INCONCEIVABLE TALES FROM THE MAKING OF THE PRINCESS BRIDE

The book, unlike the movie it describes, struggles at times to balance a tone of charming over cheesy. But Elwes’ case—that...

With the assistance of Layden (The Ghost Horse: A True Story of Love, Death, and Redemption, 2013, etc.), Elwes shares tales of the making of the 1987 film The Princess Bride, in which he starred in the role of Westley.

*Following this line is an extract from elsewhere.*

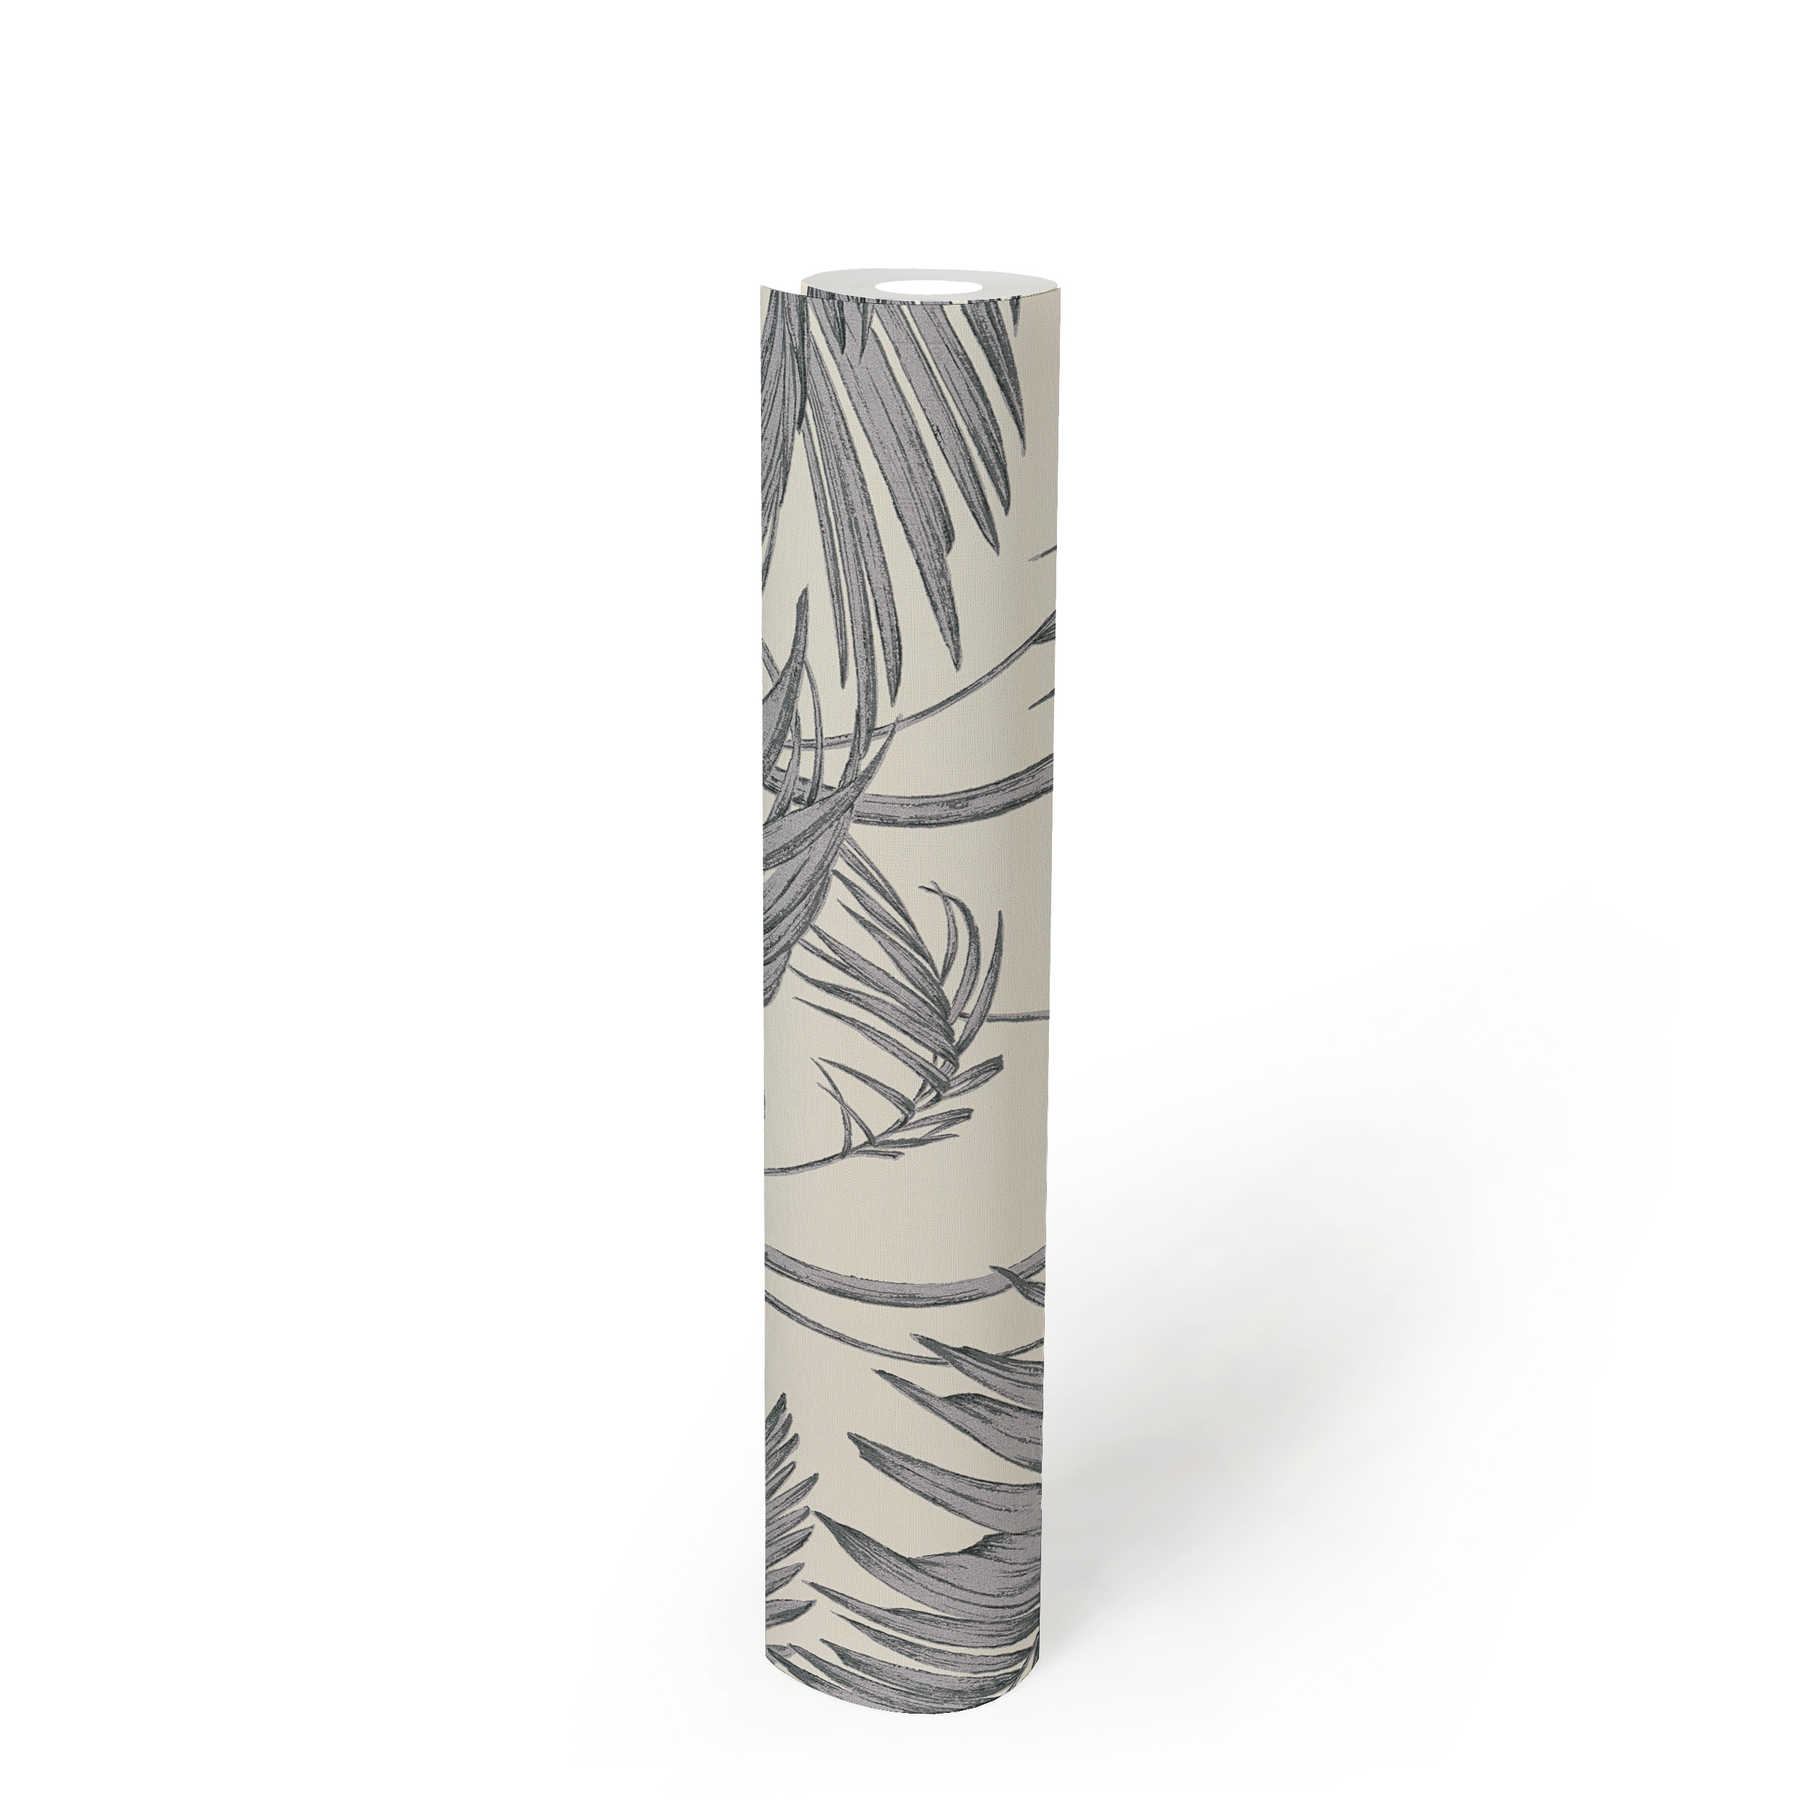             Nature wallpaper palm leaves, bamboo - grey, silver, white

By the time Rob Reiner and his producing partner Andy Scheinman decided to make a film version of William Goldman’s book, Goldman’s screenplay adaptation had become legendary in Hollywood as an unproduced script. Robert Redford, Norman Jewison and even Francois Truffaut had all tried and failed to get the movie past development stages. Elwes gives a behind-the-scenes look at the making of the movie and theorizes on how an infamously unproducible script became a cult classic. The book is driven by the author’s thoughts and memories but is complemented by rich quotes featured in pop-out text boxes from Reiner, Scheinman, Goldman and other stars of the film, including Christopher Guest, Robin Wright and Billy Crystal. Elwes’ description of how Reiner’s simple stage directions helped achieve his tongue-in-check vision, or Scheinman’s thoughts on how today’s special effects may have overwhelmed and ruined the gently satirical tone of the movie, are interesting from a broad cinematic perspective. But the book is intended less for film aficionados than simply for lovers of this specific movie. As a rookie star in his first big production, Elwes often felt “like a kid at theater camp who has been suddenly plucked from the ranks of the ordinary and tossed onto a Broadway stage,” and while his observations ooze with positivity, they come across as genuine.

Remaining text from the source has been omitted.